I recognise the Government's need to remain vigilant, through the police and the courts, to ensure that they can control any terrorist activity between Scotland and Northern Ireland. However, the real question that we should be asking ourselves is whether the measures weaken or strengthen the fight against terrorism in Scotland. I have to tell my hon. Friend the Minister that the banned organisations included in the Bill have virtually no support anywhere in Scotland. He will know that Celtic park in Glasgow is a place where one is likely to find much affinity with the nationalist cause in Ireland. Recently, at a match at Celtic park, there was a minute's silence in respect for those who had lost their lives at Omagh. Almost 50,000 people were present and only four idiots tried to disrupt the silence by shouting out. All four were thrown out of the ground and roundly booed by the rest of the supporters of both Celtic and Dundee United.

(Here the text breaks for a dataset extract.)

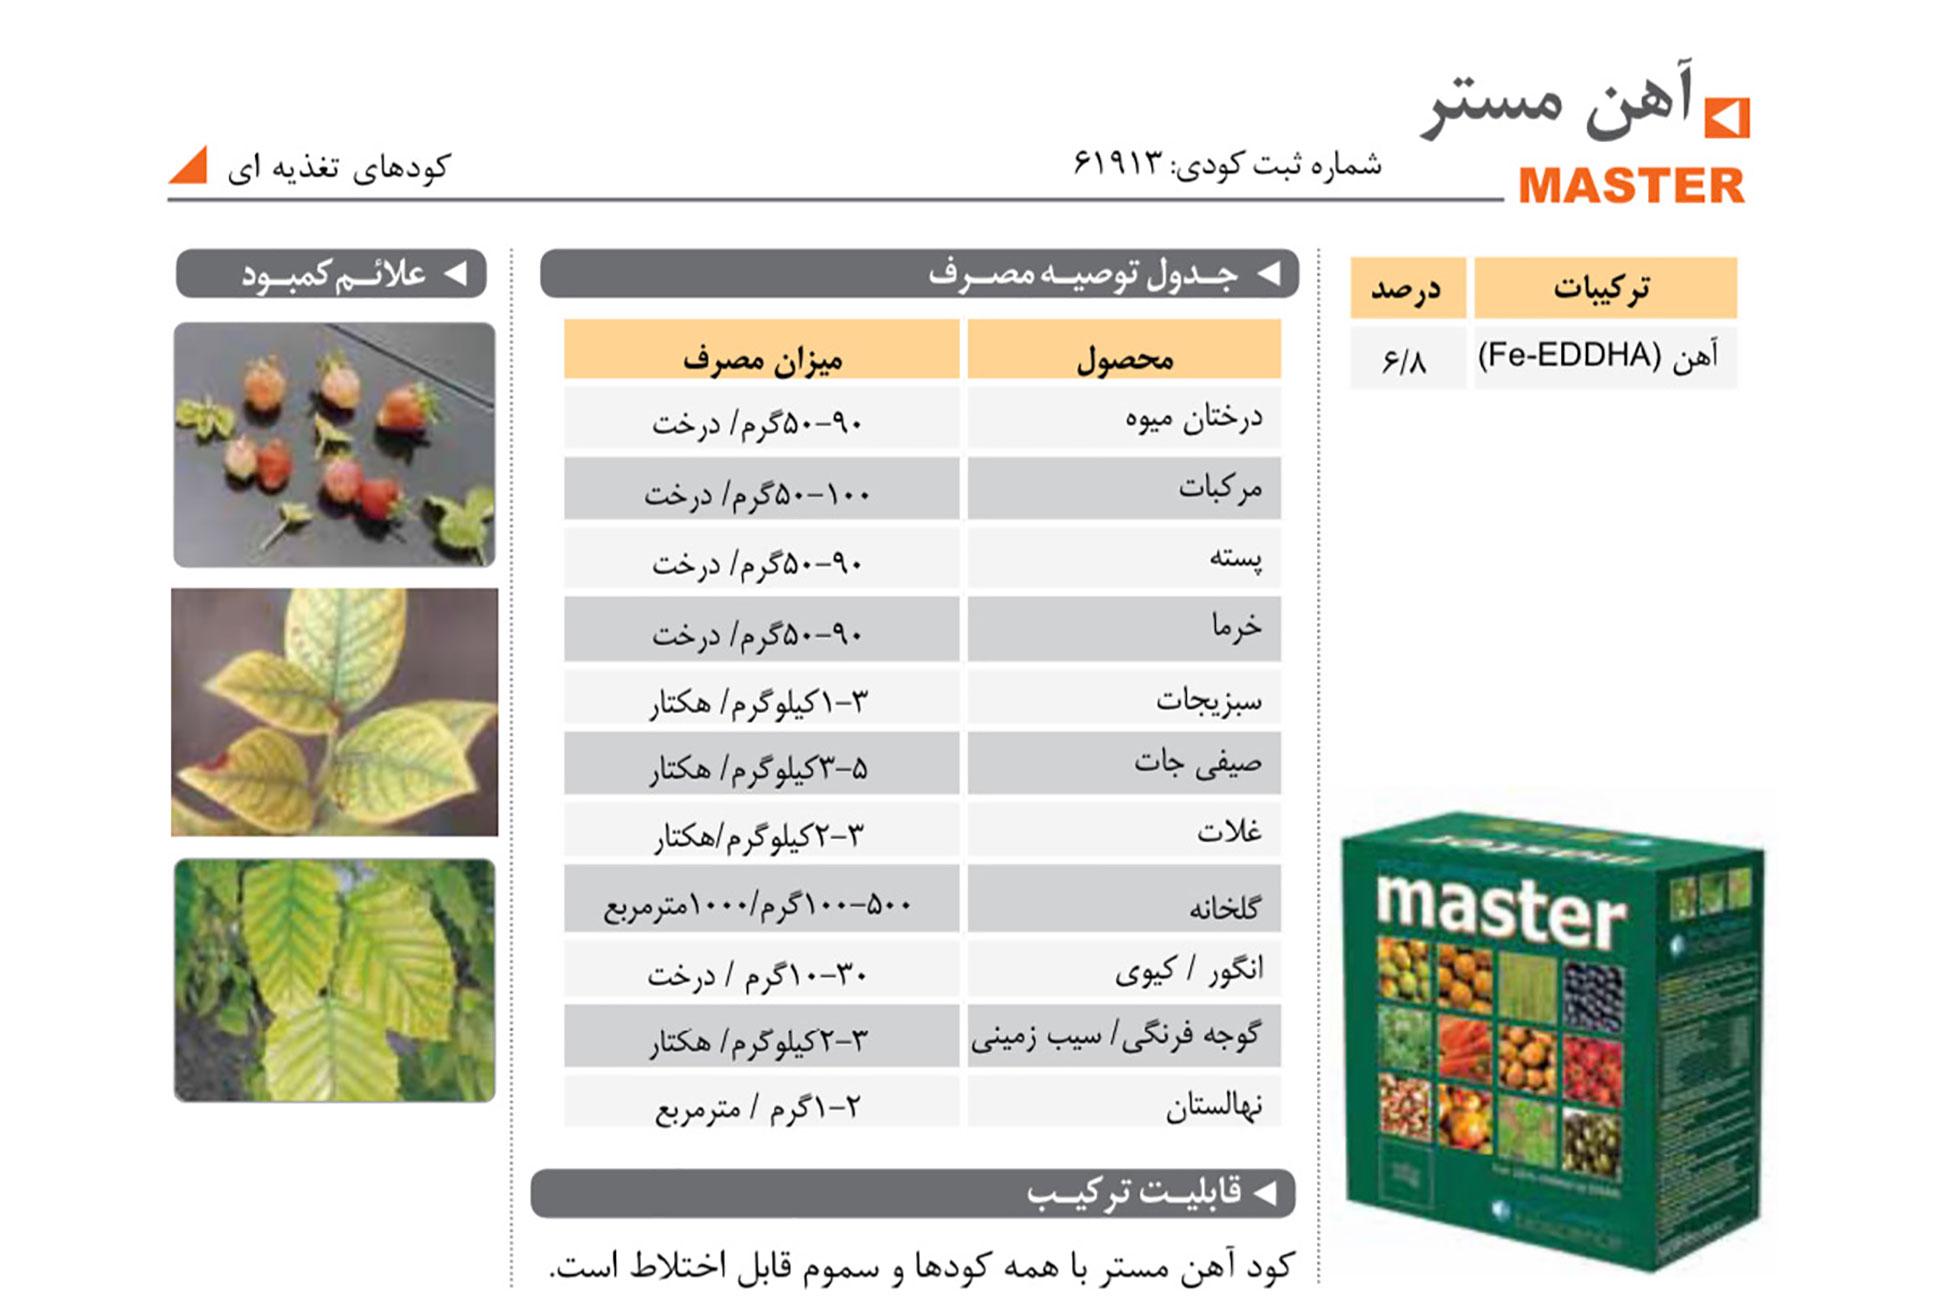 تامین کننده آهن در گیاه MASTER فیوچر
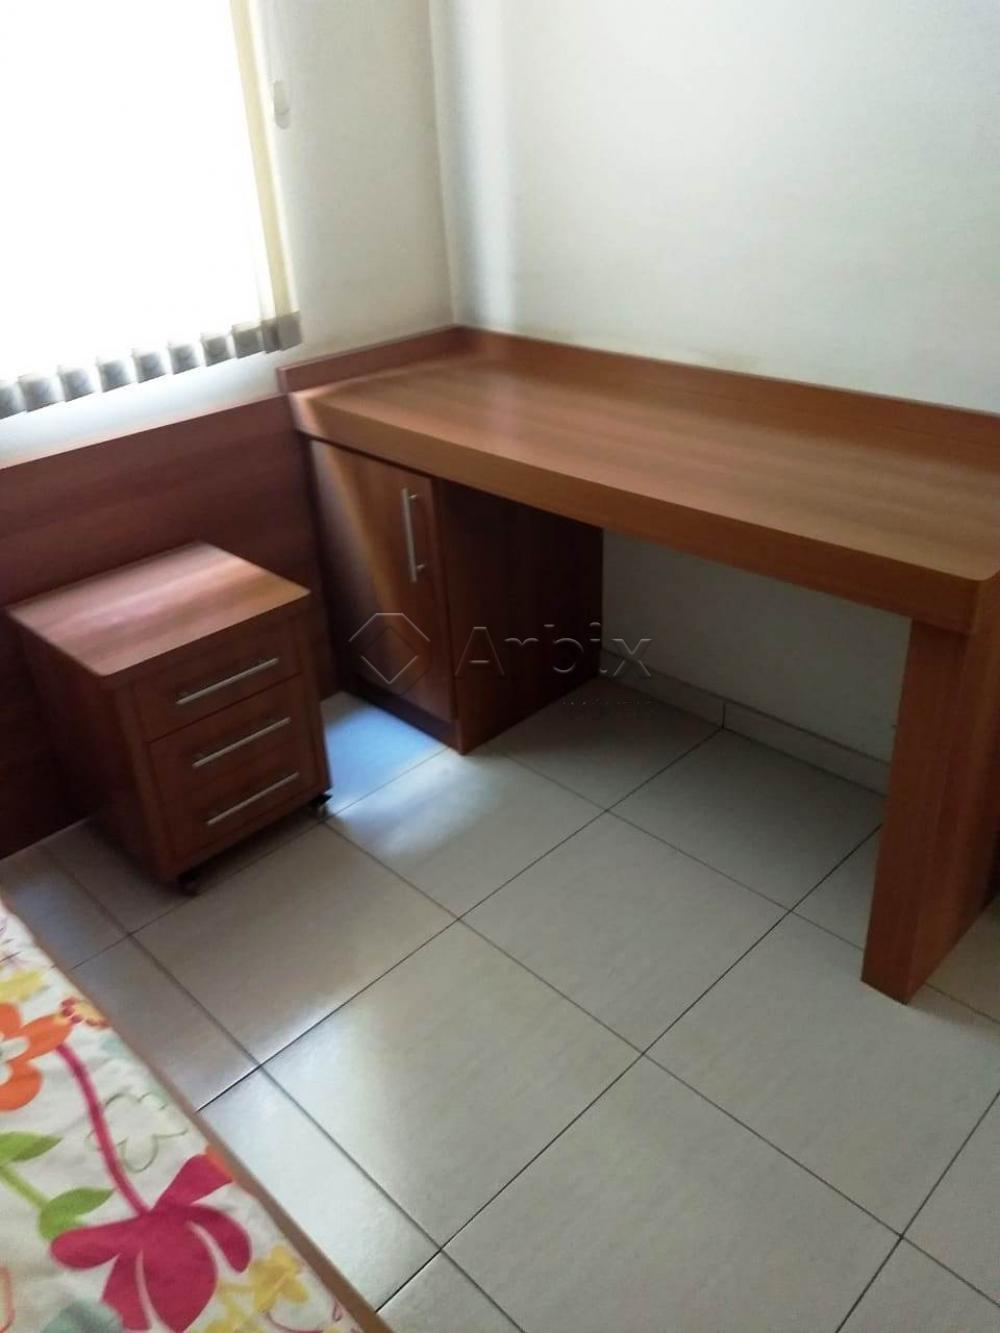 Comprar Apartamento / Padrão em Americana apenas R$ 243.000,00 - Foto 2

There is evidence to show that those people have no support anywhere in the United Kingdom. We have to ask ourselves whether, if we create injustices, we will begin to change that balance. If we begin to arrest and imprison innocent people and to deny to accused people the civil and legal rights that currently exist, will we change the balance and begin to build support for terrorist organisations of that sort--support that does not at present exist? It seems to me that accepting police opinion as evidence in a court of law--something that is not acceptable in Scots law at present--represents a serious weakening of that law and the rights of the accused under it.

Similarly, denying the right of silence is much more difficult to do in Scots law, but it will now be made much easier as a result of the changes in the Bill. Finally, withdrawing the presumption of innocence, which is not done in Scots law now but will be done in future if the clause is upheld, represents a further weakening.

Weakening the legal and civil rights of the individual citizens of this country is not the way to tackle terrorism. In fact, it will be counter-productive. That is why I hope that when my hon. Friend the Minister winds up the debate he will tell us whether the Scottish Parliament, which will begin to take over control of Scots law next year, will have the right to review the legislation.

I know that prevention of terrorism is a matter for this House, but the clause deals with the very narrow ground of the admissibility of evidence before a Scottish court, and whether the accused in Scottish law has the right to silence and to the presumption of innocence. So far as I am concerned, after next year that should be a matter for the Scottish Parliament and for nobody else.